• **Data to process**
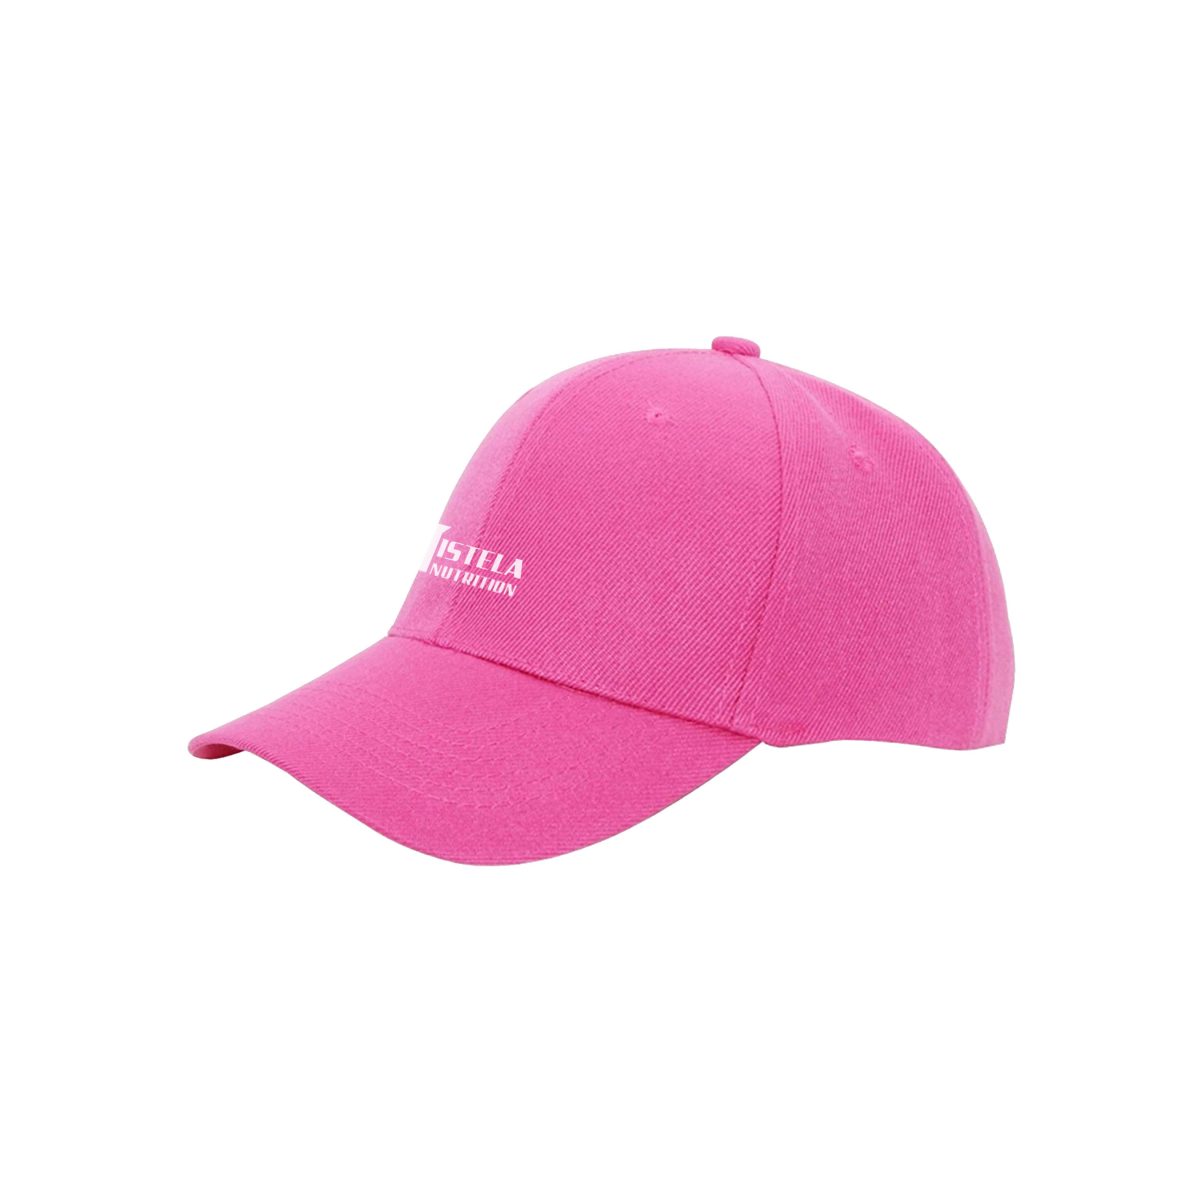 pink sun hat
---
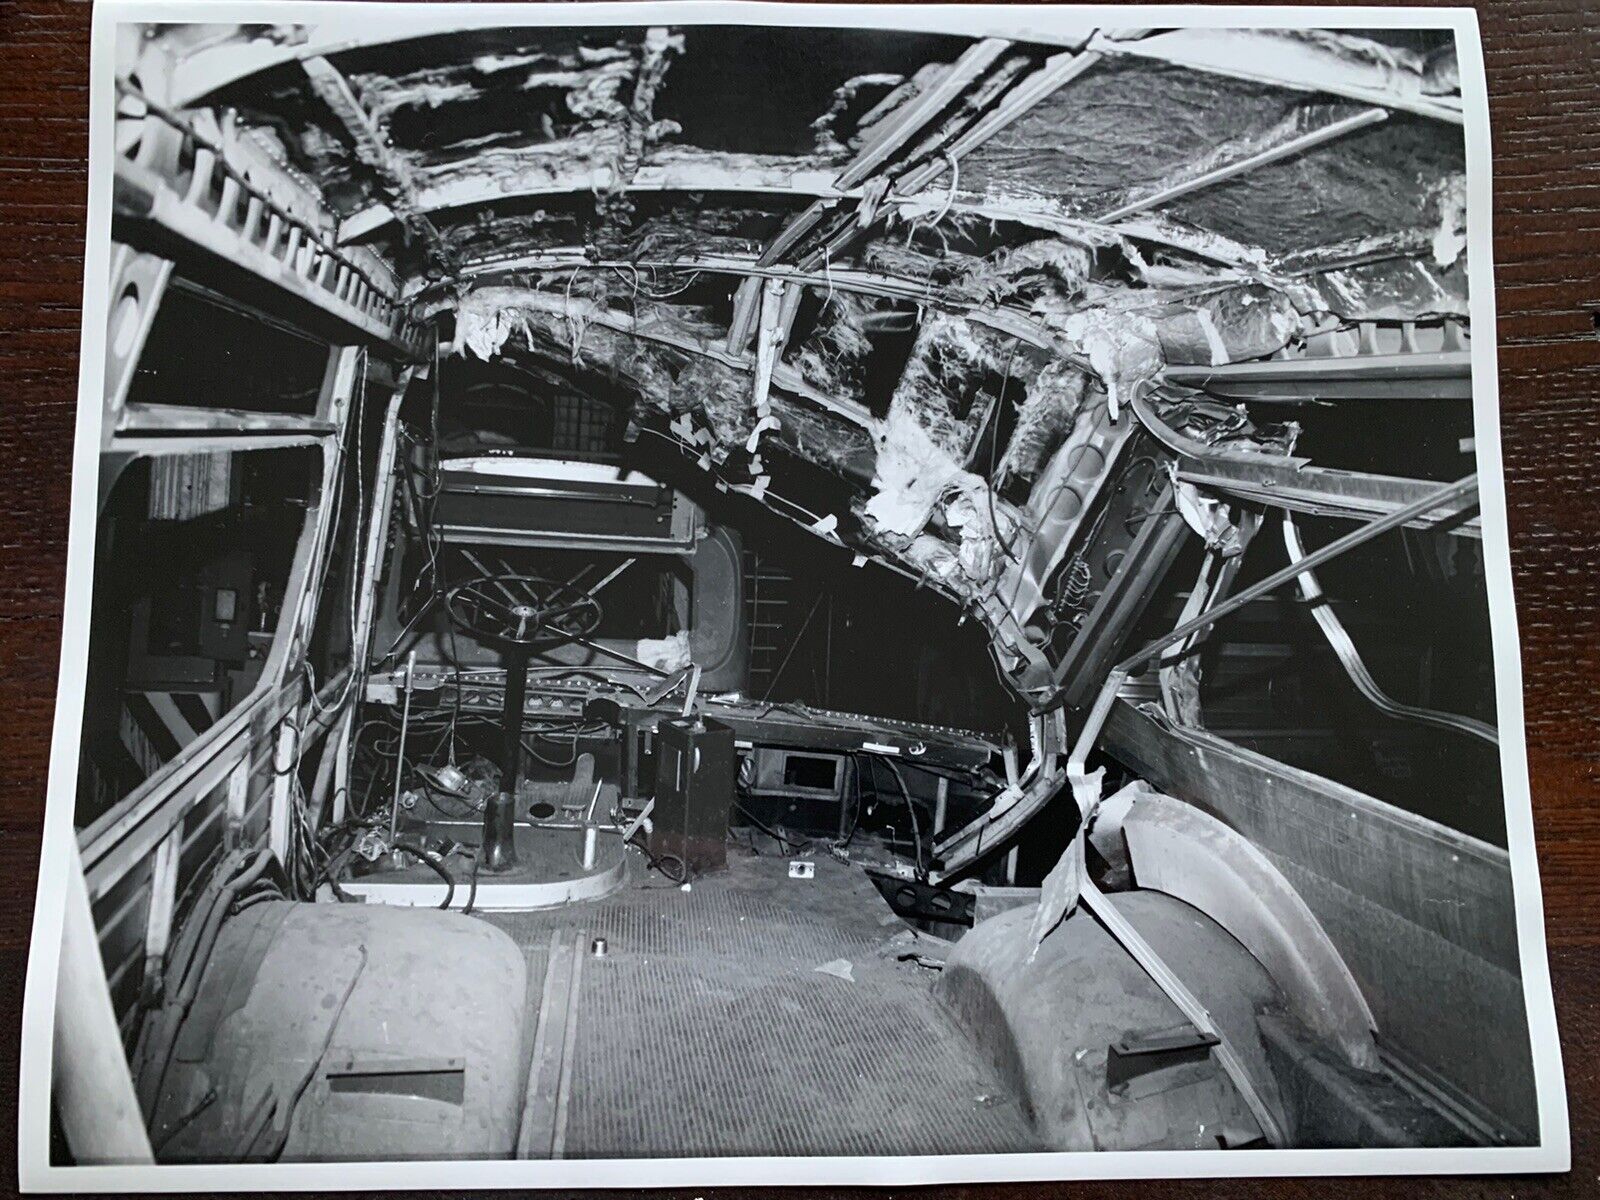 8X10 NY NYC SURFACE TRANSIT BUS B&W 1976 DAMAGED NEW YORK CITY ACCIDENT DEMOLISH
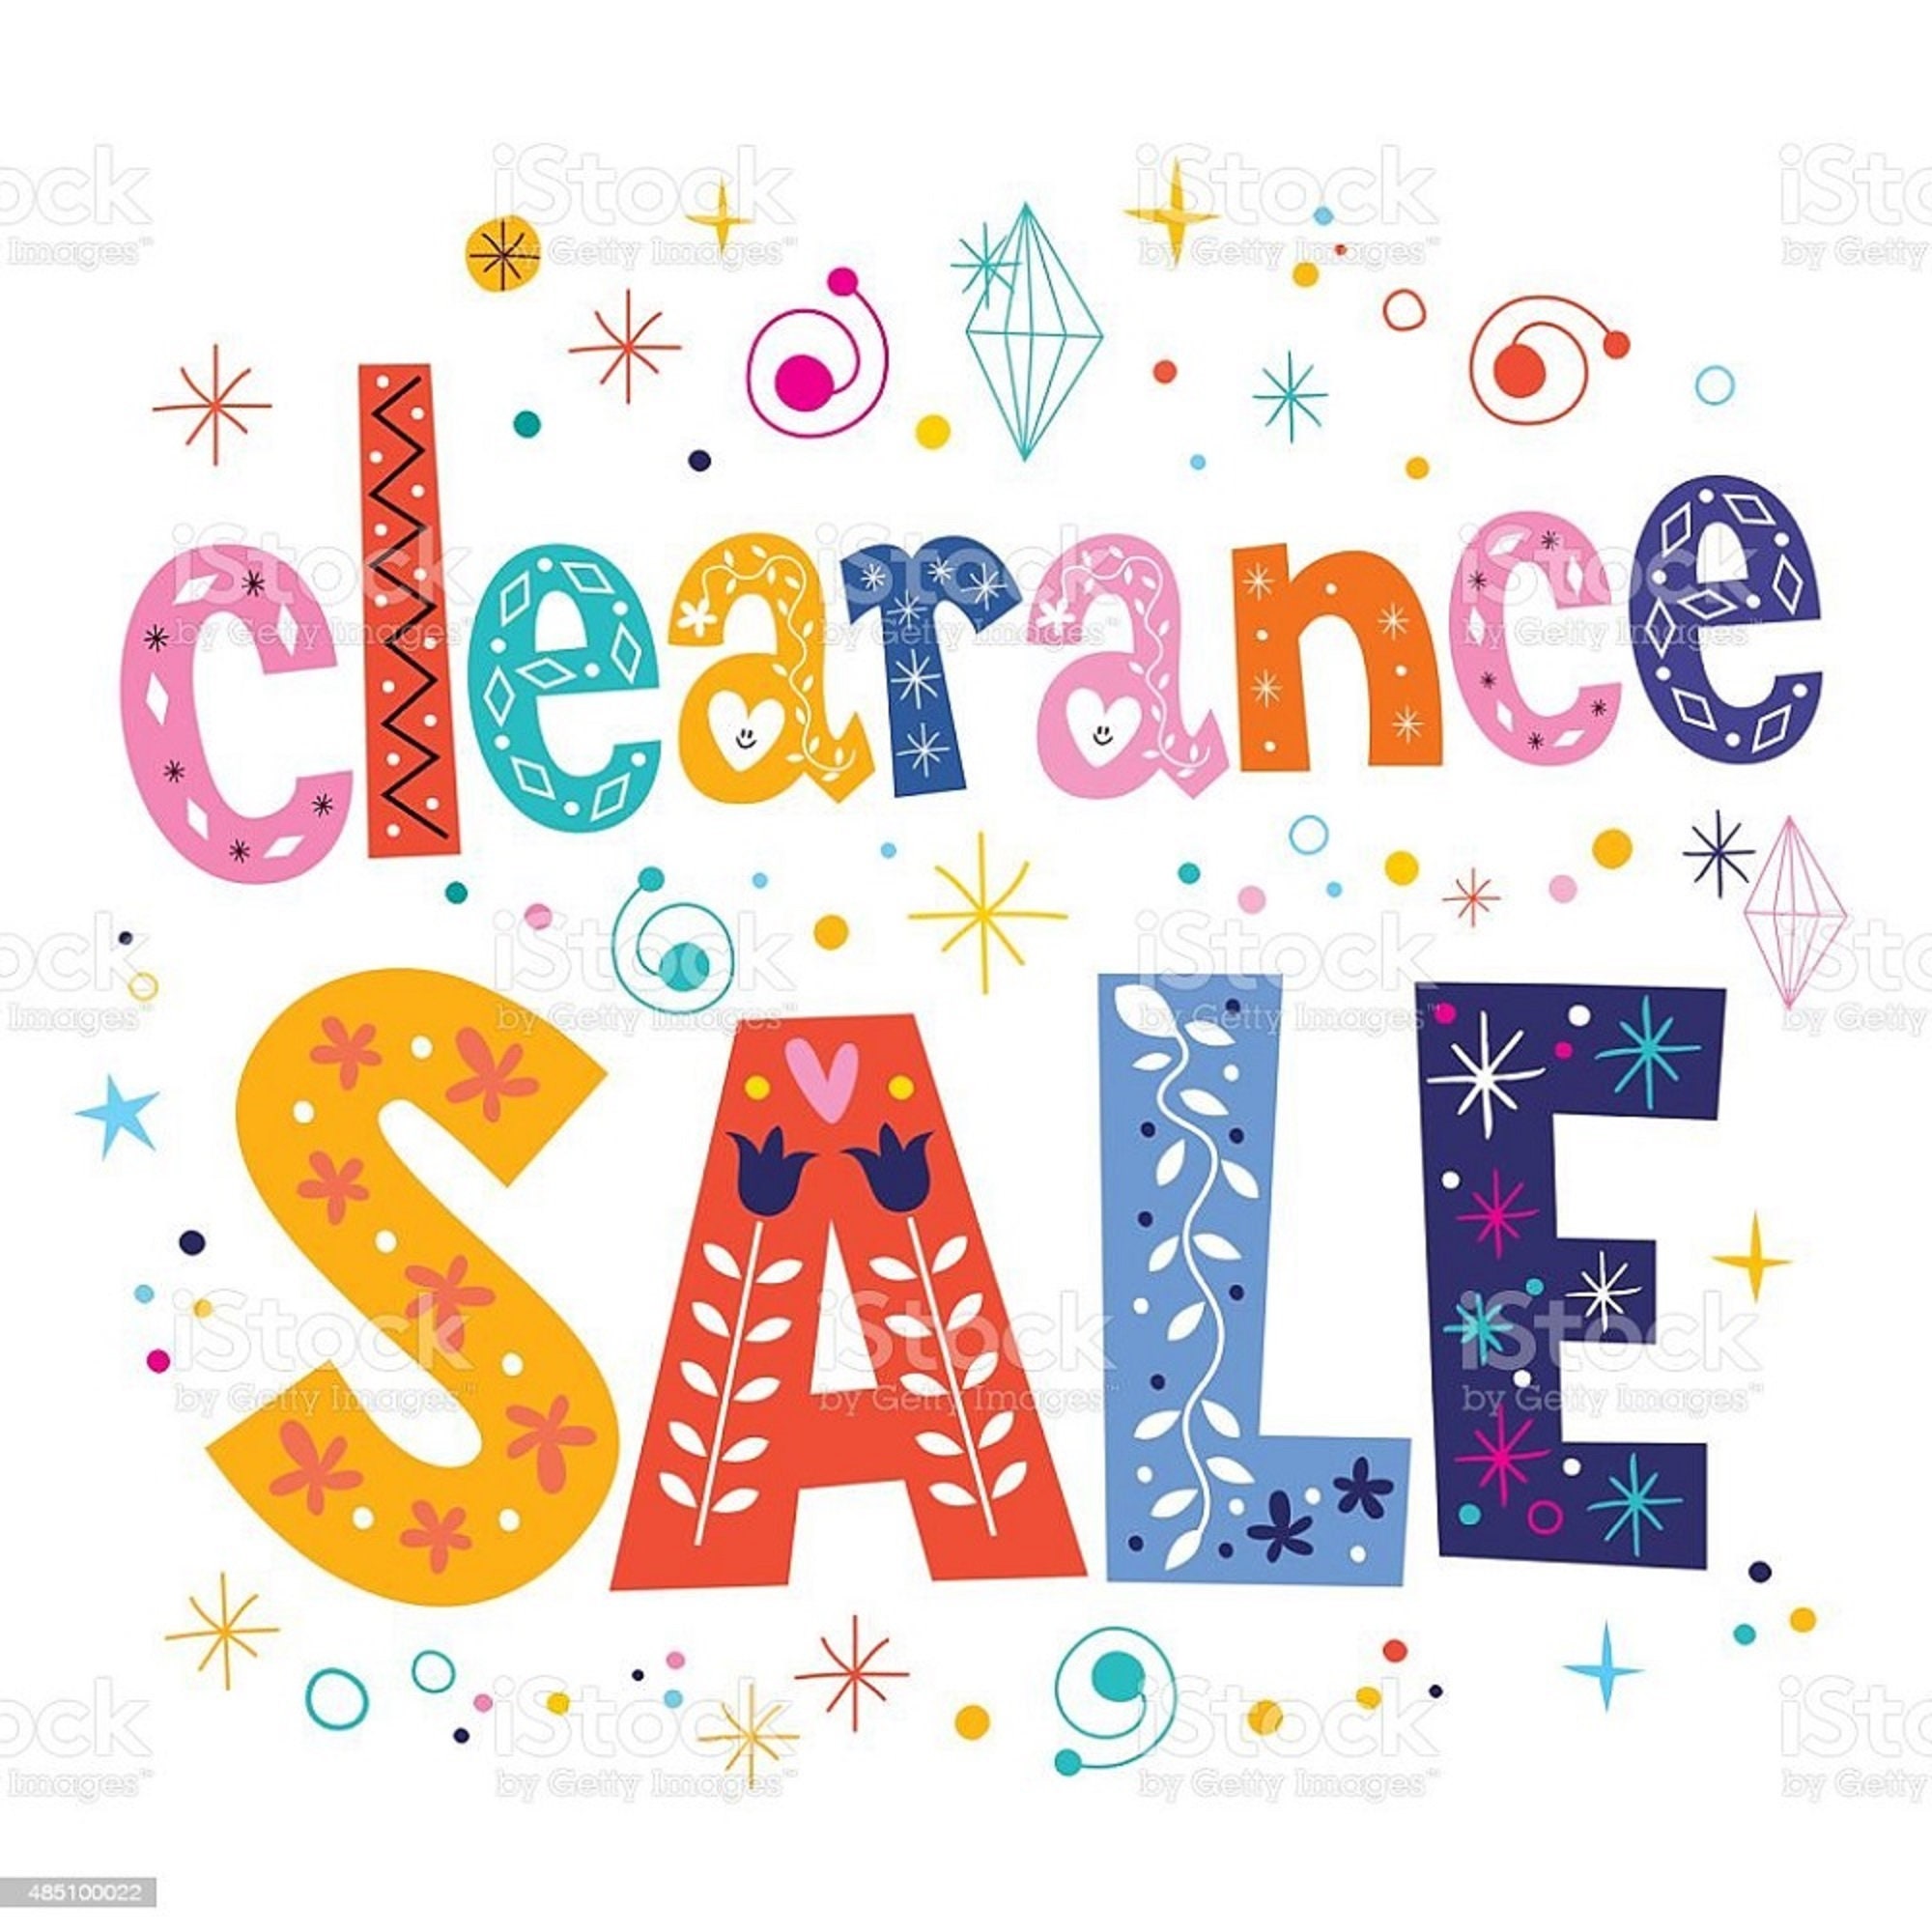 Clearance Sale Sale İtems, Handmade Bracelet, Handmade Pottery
--
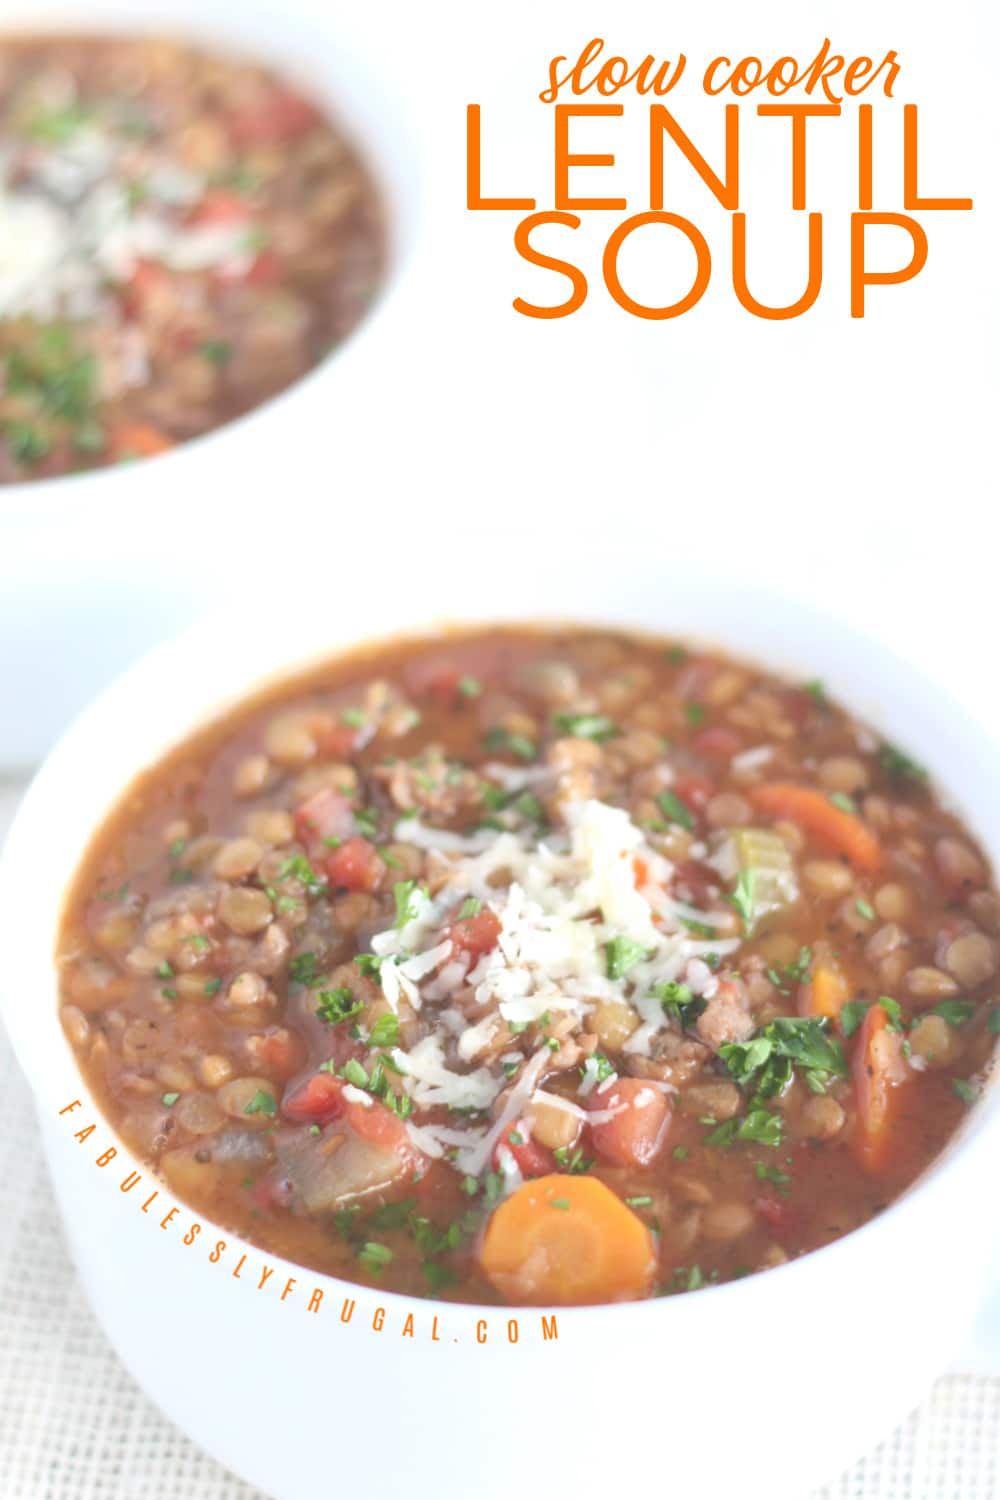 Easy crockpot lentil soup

• **Your instructions**
Looking at the listing above, which lines run from the one containing "8X10 NY NYC" through the one containing "Clearance Sale Sale"? Print exactly those, ends included, pictures excluded.

• **Exercise answer**
 8X10 NY NYC SURFACE TRANSIT BUS B&W 1976 DAMAGED NEW YORK CITY ACCIDENT DEMOLISH
 Clearance Sale Sale İtems, Handmade Bracelet, Handmade Pottery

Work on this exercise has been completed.